18:49 jeffreykegler IIRC, the defaults make omitting $pos convenient.   But you can also specify it explicitly.
18:50 jeffreykegler To be 100%, the lexeme_read description is not exactly as clear as an Alpine lake on this topic.  I'll have to look at that.
18:51 jeffreykegler rns: I'm talking about this sentence in the lexeme_read description:
18:51 jeffreykegler "Current location in the input stream is moved to the place where read() paused or, if it never pauses, to $start+$length."
18:52 jeffreykegler I wonder if that's a cut and paste error.  If it's not, at a minimum I have to make it clearer -- if I can't understand the doc I can't expect anyone else to.
19:01 rns Well, I admit to not reading the doc much, just working from code examples.
19:03 jeffreykegler I think what that should be is:
19:05 jeffreykegler "If lexeme_read() pauses due to an event, current location in the input stream is moved to the place where lexeme_read() paused.  If lexeme_read() does not trigger an event, current location is moved to $start+$length."
19:07 jeffreykegler If you're doing lexeme_read(), events are probably a nuisance, since you're doing everything by hand anyway, but they occur, just the same as for read() and resume()
19:08 rns The doc says above "Completion named events can occur during the lexeme_read() method. Named events can be queried using the Scanless recognizer's events() method."
19:09 rns So yes, http://irclog.perlgeek.de/marpa/2014-09-17#i_9373957 makes more sense to me
19:10 jeffreykegler AFK.  Looks like I'll have some doc touch-ups to work on when I get back. :-)
19:12 rns BTW, the code underlying the doc (or vice versa) seems to be this — https://github.com/jeffreykegler/Marpa--R2/blob/master/cpan/t/sl_dyck.t#L70
19:22 rns kkrev: re http://irclog.perlgeek.de/marpa/2014-09-17#i_9373523 — if you s/unstructured_text_char ::= [\s\S]/unstructured_text_char ~ [\s\S]/, the list of lists becomes the list of chars that must use less RAM and perhaps will suffice for you needs.
19:23 rns s/you needs/your needs/
19:40 rns The difference in maxresident (/usr/bin/time) can be 2162688 (list of chars) to 3145728 (list of lists) for roughly 32k <unstructured_text_body> contents — seems to be an easy fix to save ~30% RAM for 32k strings.
20:18 shadowpaste "rns" at 77.120.243.111 pasted "kkrev's script based on jeffrey's <not end string> idea" (58 lines) at http://scsys.co.uk:8002/424162
20:19 rns This shaves off another 30% to 1062912 maxresident for 32k <unstructured_text_body> contents.

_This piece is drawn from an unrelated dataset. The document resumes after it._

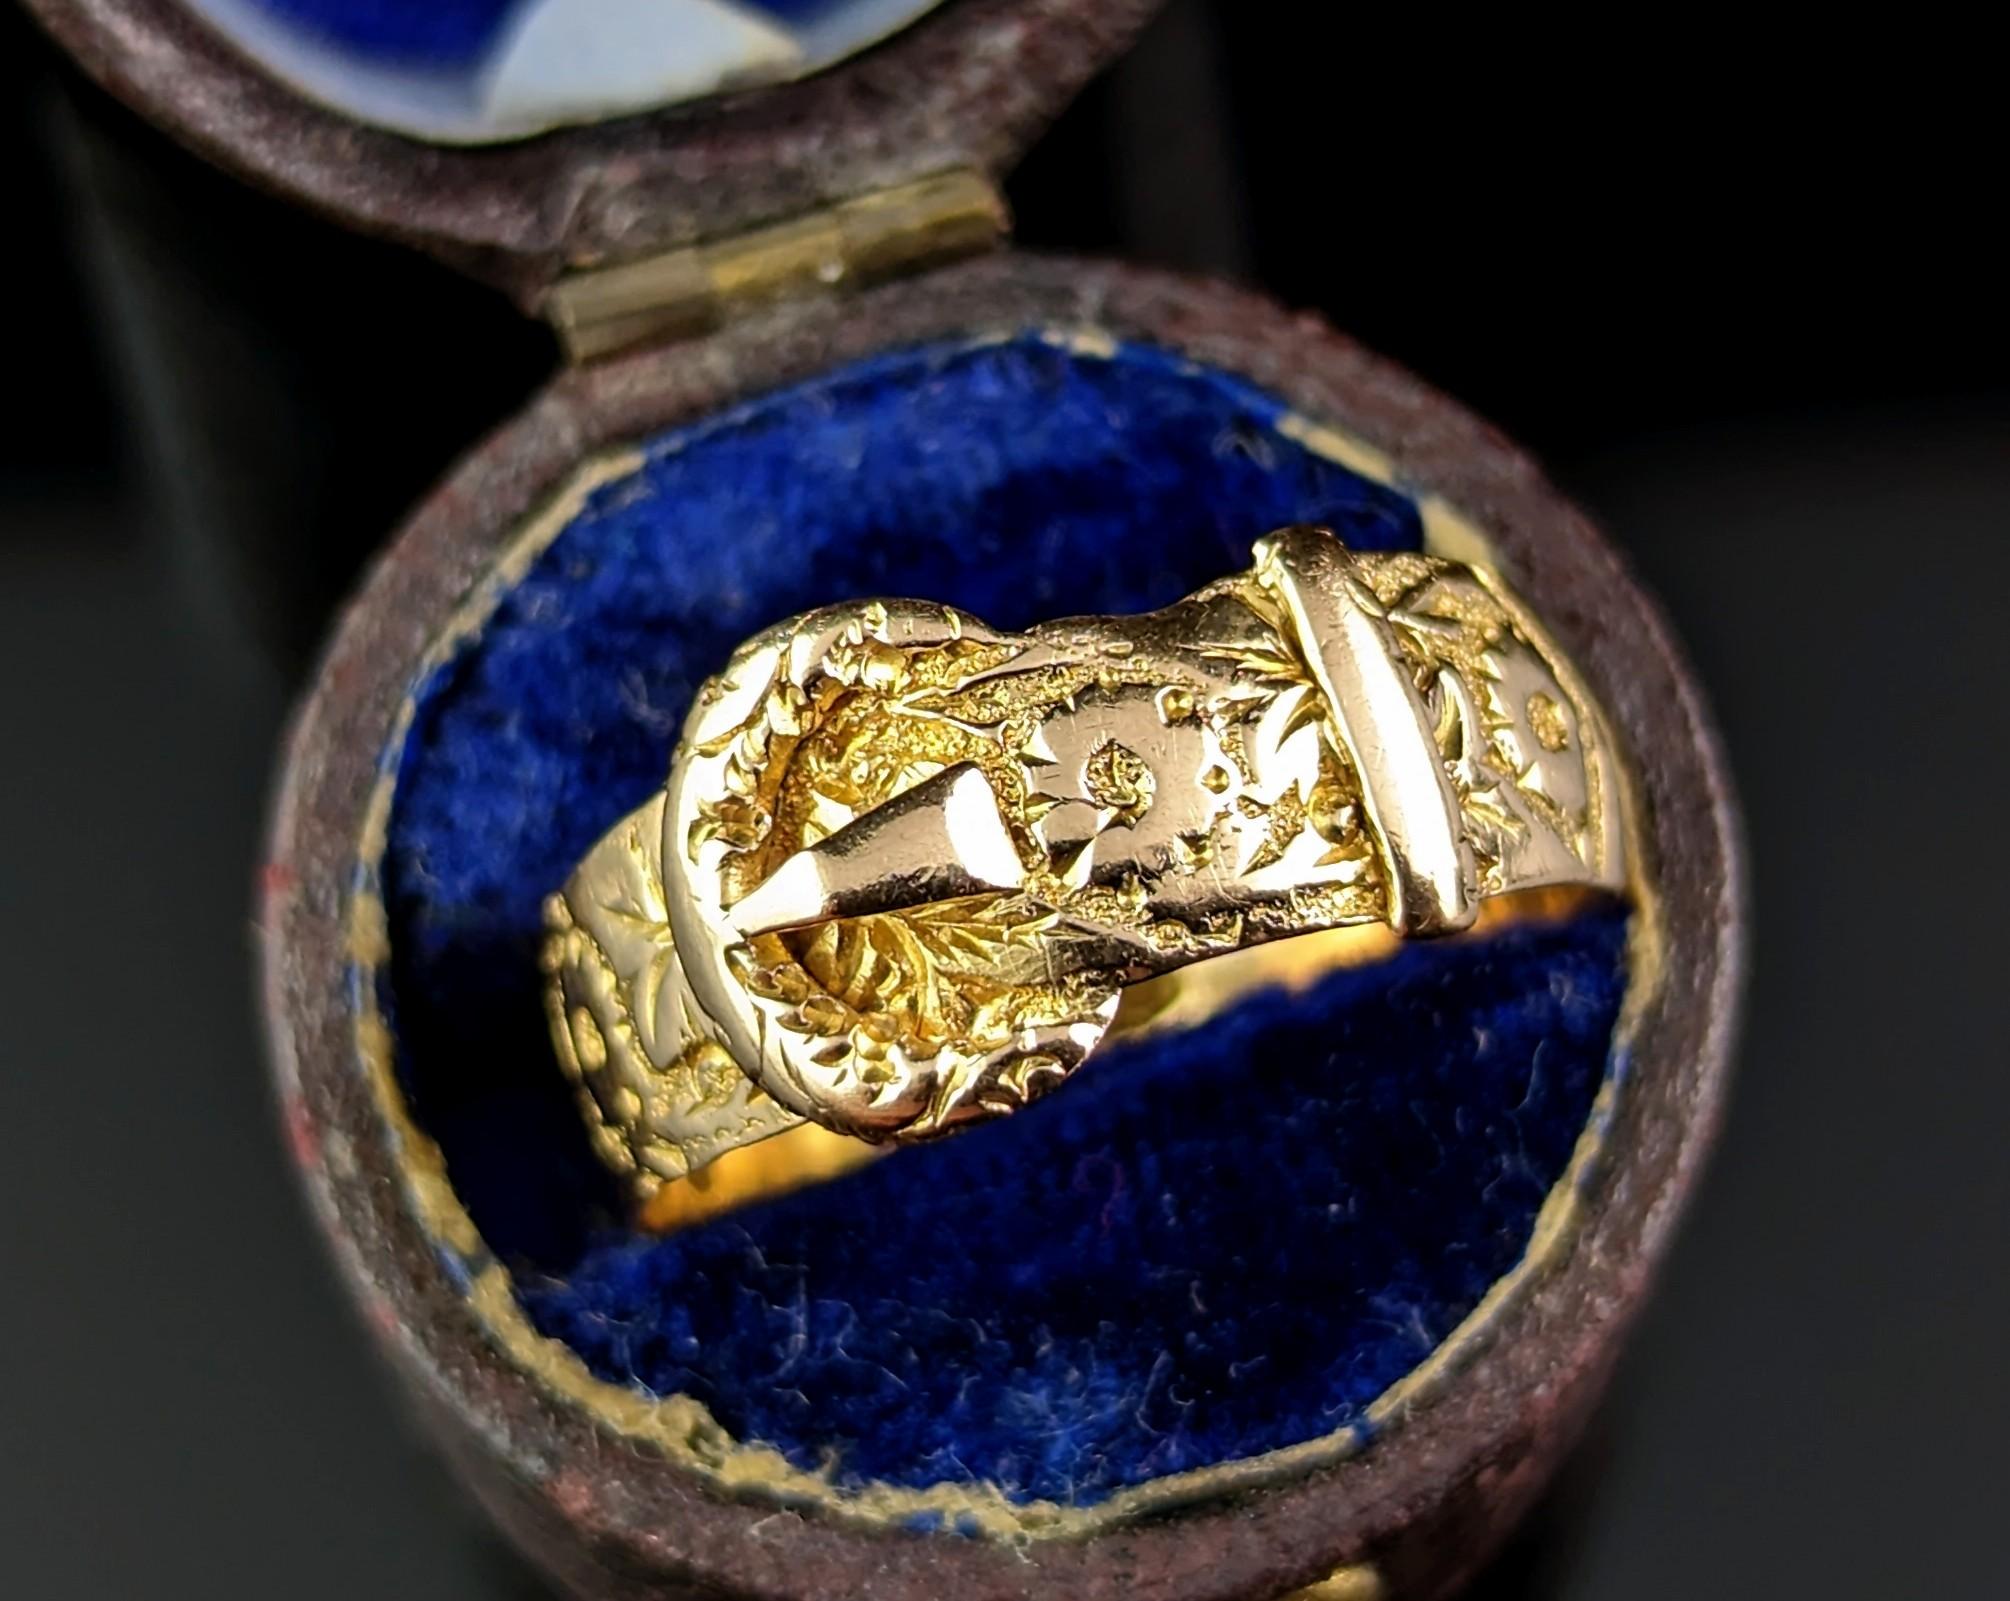 Diese atemberaubende antike 18kt Gold graviert Buckle Ring ist so reich und bezaubernd.

Das butterweiche Goldband ist stark ziseliert und mit einem Orangenblütenmotiv graviert und hat eine Schnalle auf der Vorderseite. Die Schnalle symbolisiert

21:11 kkrev I hate to keep bugging you guys over and over, but I really don't get the lexeme_read thing from the docs or examples. I can't make the most trivial usage of my own work. I really need the binary data stuff I've been talking about as one string, not a list, and I assume the way to do that is the pause stuff. But I can't figure out even the basics of how that's supposed to work.
21:11 shadowpaste "kkrev" at 50.190.12.218 pasted "how the heck is lexeme_read supposed to be used?" (63 lines) at http://scsys.co.uk:8002/424175
21:13 kkrev I get the data I need just fine. That wasn't hard at all. I cannot figure out for the life of me how one properly tells marpa to go back to eating the stream.
21:20 rns kkrev: re http://irclog.perlgeek.de/marpa/2014-09-17#i_9374639 — with http://irclog.perlgeek.de/marpa/2014-09-17#i_9374432 you can get the string by join("",...)'ing the list of strings in the tree.
21:24 kkrev I am interested in how the pause stuff should work anyway. I don't see how joining the list in a sort of postprocessing step is superior. Regardless, I would like to understand how resume is supposed to work.
21:36 shadowpaste "rns" at 77.120.243.111 pasted "kkrev's http://irclog.perlgeek.de/marpa/2014-09-17#i_9374640 revised" (81 lines) at http://scsys.co.uk:8002/424176
21:38 rns kkrev: You can look into http://irclog.perlgeek.de/marpa/2014-09-17#i_9374797 — hope this helps.
21:39 rns kkrev: it works as far as lexeme_read() is concerned.
21:42 lwa Random style advice: don't do "my $data = substr($input, $pos)". Instead put the current regex match position where you want it "pos($input) = $pos", then anchor the regex match at that position: "$input =~ /\G .../". Why? "substr" returns a view on the whole rest of the string, and assignment actually creates a copy.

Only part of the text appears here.